In summary, an MTT assay was developed for suspension cells in which we can test IFN antiproliferative as well as antiviral activities at the same time. Based on results from the above mentioned assay, we were able to perform treatment on Daudi cells under conditions of non-growth inhibition but antiviral protection, and non-antiviral protection. The analysis of samples after this treatment allowed us to more precisely identify genes associated with IFN-alpha antiviral activity. Based on microarray results there were 26 genes that are commonly and significantly different between an IFN concentration leading to AV protection versus a concentration not causing AV protection. Results from antiviral neutralizing experiments suggested the association of the identified genes and proteins with IFN AV activity. Thus, this work not only represents an example of how precise results from biological assays can help in the design of experiments leading to identification of functional genes and proteins to elucidate the IFN AV effect, but this is also to our knowledge the first study involving an analysis of AV associated genes on a B cell line. With respect to the ISGF3 complex and IFN-gamma signaling, western blot analysis revealed that phosphorylated Stat1 (Y701, as a surrogate for IFN activation) peaked at 2h when treated with IFN-alpha, remaining at low levels for up to 48h. Cells treated with IFN-gamma showed the same trend until 15h, when an increase in pStat1 was detected by an additional signaling peak that continued through 24h. Gene expression microarray analysis following IFN-gamma treatment for 24h indicated increased levels of antiviral proteins normally associated with a type-1 IFN response, such as Mx1, PKR, and OAS1. Induction of these genes by autocrine type-I and type-III IFN signaling was ruled out using both neutralizing antibodies in biological assays and by qRT-PCR. Despite the absence of any other IFNs, the ISGF3 transcription factor complex was isolated by co-immunoprecipitation after IFN-gamma treatment for 24h. It is possible that induction of this transcription factor complex plays a role in transcribing antiviral genes and the subsequent protection from viruses mediated by IFN-gamma.

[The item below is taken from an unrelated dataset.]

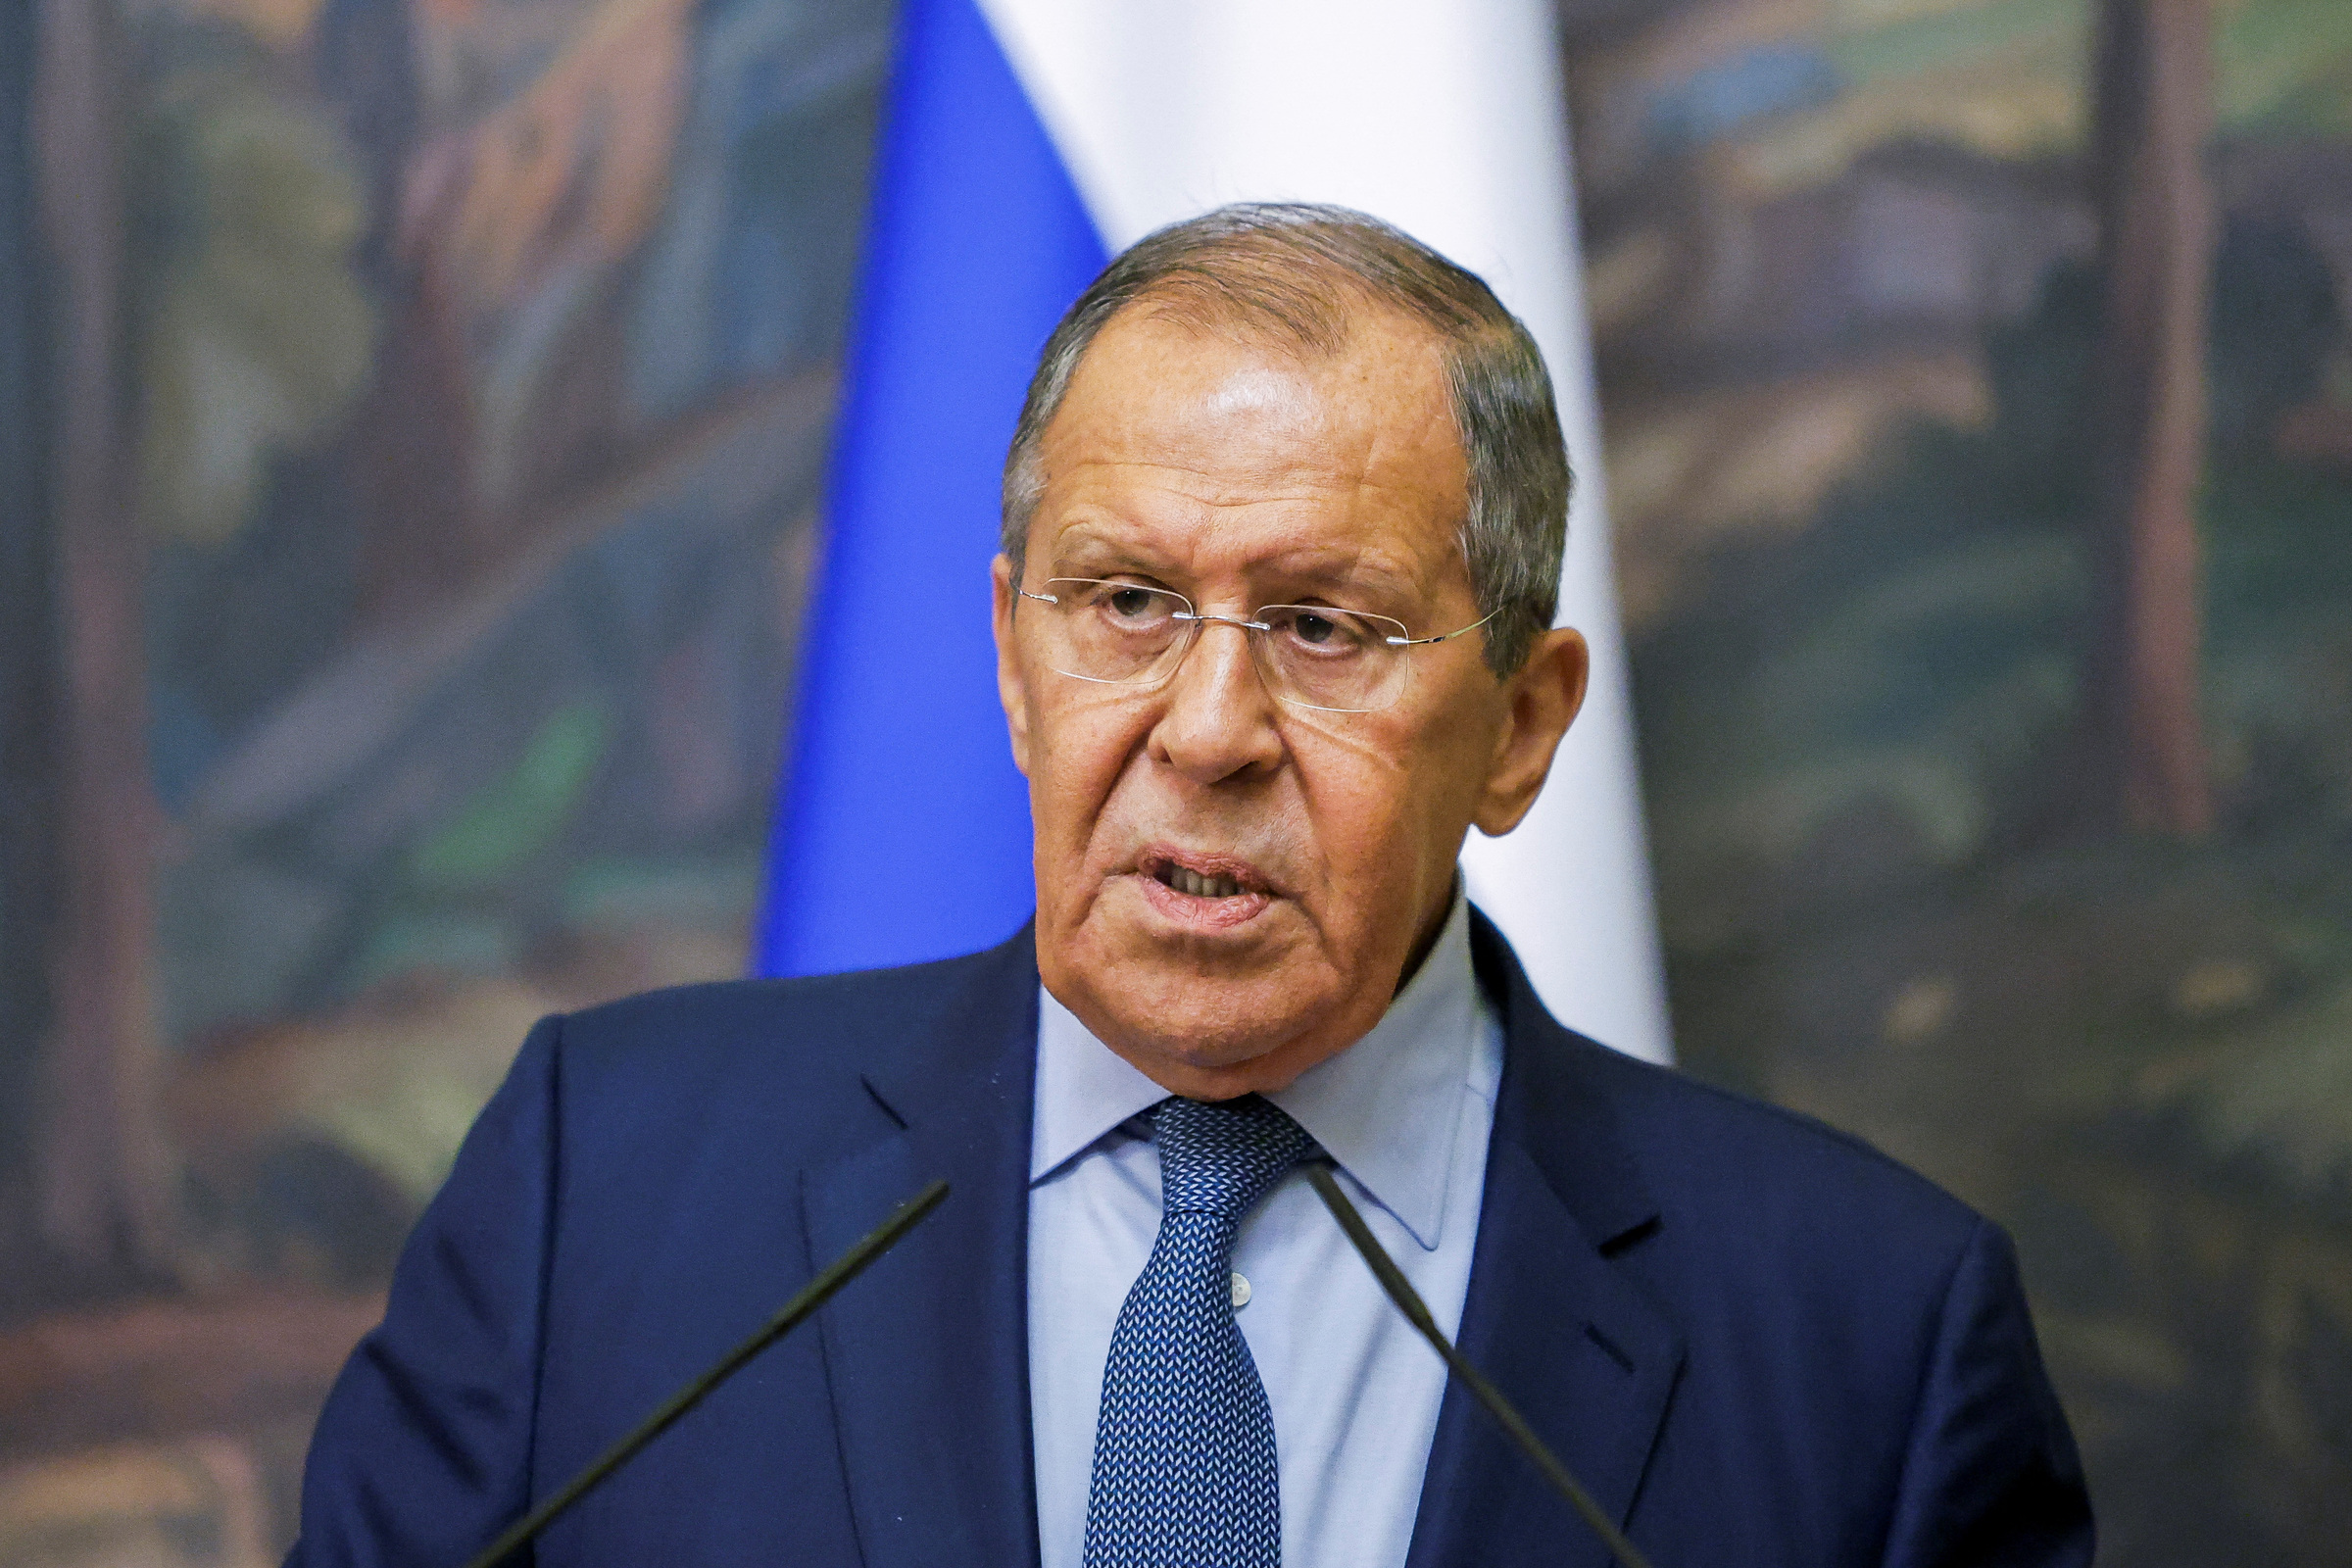 Ngoại trưởng Nga Sergei Lavrov tại cuộc họp báo chung với người đồng cấp Iran Hossein Amir-Abdollahian ở Moskva ngày 31/8. Ảnh: Reuters.

总而言之，为悬浮细胞开发了MTT测定法，我们可以同时测试IFN抗增殖和抗病毒活性。根据上述测定的结果，我们能够在不增长抑制但抗病毒保护和非抗病毒保护条件下对Daudi细胞进行治疗。对这种处理后的样品的分析使我们可以更精确地识别与IFN-Alpha抗病毒活性相关的基因。基于微阵列结果，有26个基因在导致AV保护的IFN浓度之间通常且显着差异，而不是引起AV保护的浓度。抗病毒中和实验的结果表明，已鉴定的基因和蛋白质与IFN AV活性的关联。因此，这项工作不仅代表了生物测定结果如何精确导致的一个例子，可以帮助设计实验的设计，从而鉴定功能基因和蛋白质以阐明IFN AV效应，但据我们所知，这也是第一个研究，涉及对B细胞系上AV相关基因的分析。 关于ISGF3复合物和IFN-GAMMA信号传导，Western印迹分析表明，用IFN-Alpha处理磷酸化的STAT1（Y701，作为IFN激活的替代物）在2H处达到峰值，保持低水平的水平最高为48h。 用IFN-GAMMA处理的细胞直到15H都显示出相同的趋势，当时PSTAT1的增加通过持续到24小时的额外信号传导峰的增加。 IFN-GAMMA处理后24小时后，基因表达微阵列分析表明，通常与1型IFN反应相关的抗病毒蛋白水平增加，例如MX1，PKR和OAS1。 使用生物学测定中的中和抗体和QRT-PCR排除了Autocrine-I型和III型IFN信号传导诱导这些基因。 尽管没有任何其他IFN，但在IFN-GAMMA处理后，通过共免疫沉淀分离ISGF3转录因子复合物24小时。 该转录因子复合物的诱导可能在转录抗病毒基因和随后对IFN-GAMMA介导的病毒的保护作用。